The observation was made during a synchronisation test of the accelerator when the particles passed through a short section of the new 27km long LHC accelerator.
The LHC synchronisation test collided a beam of protons with a 28 tonne absorber 200m away from LHCb, producing a shower of particles. Some of these particles reached the LHCb experiment, where the tracks were observed by a small team of scientists. The observation was made with one quarter of the LHCb VELO detector operational on Friday 22 August. Given the success of this run, an additional sequence of beam collisions on the absorber were provided by the accelerator on Sunday morning and the full VELO detector was read out.
Professor Themis Bowcock (University of Liverpool), VELO Project Leader, said: “This achievement by the LHCb VELO – reconstructing the first tracks at the LHC - is a testament to the hard work and dedication of the team of scientists, who have worked on this detector for more than a decade.”
The VELO is a precise particle-tracking detector that surrounds the proton-proton collision point inside the LHCb experiment. At its heart are 84 half-moon shaped silicon sensors, each one connected to its electronics via a delicate system of more than 5000 bond wires. These sensors will be located very close to the colliding LHC beams, where they will play a crucial role in detecting b quarks, to help in understanding tiny but crucial differences in the behaviour of matter and antimatter.
Dr Chris Parkes (University of Glasgow), UK VELO Project Leader and VELO software co-ordinator, said: “The particles were seen by the team of scientists within seconds, and from the very first collision! This bodes well for the future operation of the experiment to explore the differences in behaviour of matter and anti-matter. ”
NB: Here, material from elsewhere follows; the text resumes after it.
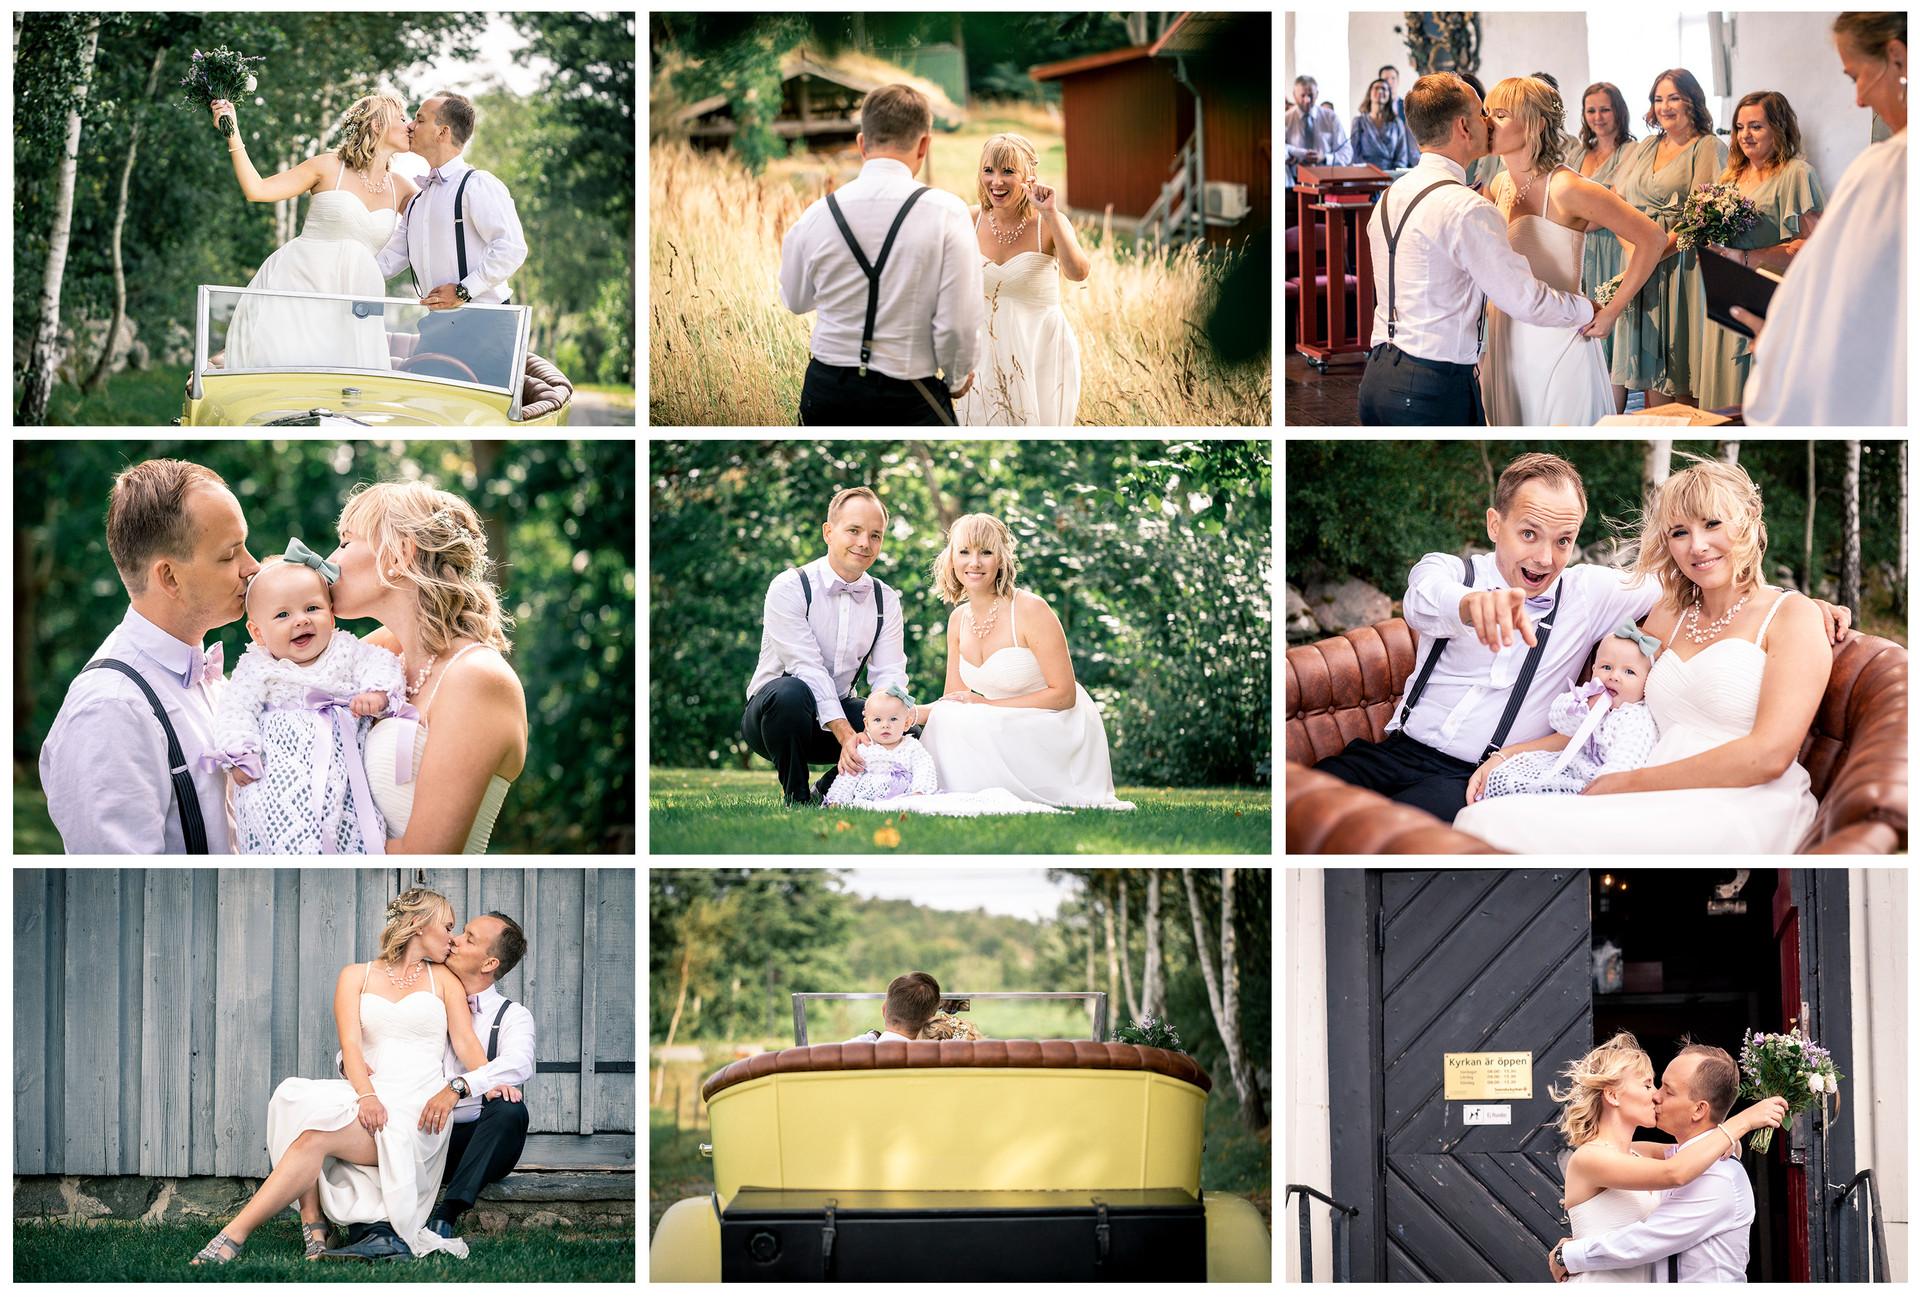 Wedding-Photography-Goteborg-03.jpg

Dr Eddy Jans (Nikhef), VELO commissioning coordinator, said: “We had been preparing all week for this first chance to see tracks. In order to see these particles we had to setup the electronics to take the data at just the right time – and we got it correct to within 25 billionths of a second.”
The 27km long LHC accelerator and its four large experiments at CERN, with over 5,000 collaborating scientists, are currently in their commissioning stages. This observation of first particles from the beam, comes several weeks ahead of when the first collisions between the two beams are expected. The first beams to circulate around the complete ring are expected for 10 September, when over 200 journalists are expected to attend at CERN.
Dr Eduardo Rodrigues, a research assistant in the Glasgow LHCb group, and the LHCb VELO data quality co-ordinator said: “I had worked on the real-time monitoring plots which allowed us to see the particles traversing the detector. I was overwhelmed when we saw the evidence of the particle tracks clearly appearing on the computer monitors in the control room”.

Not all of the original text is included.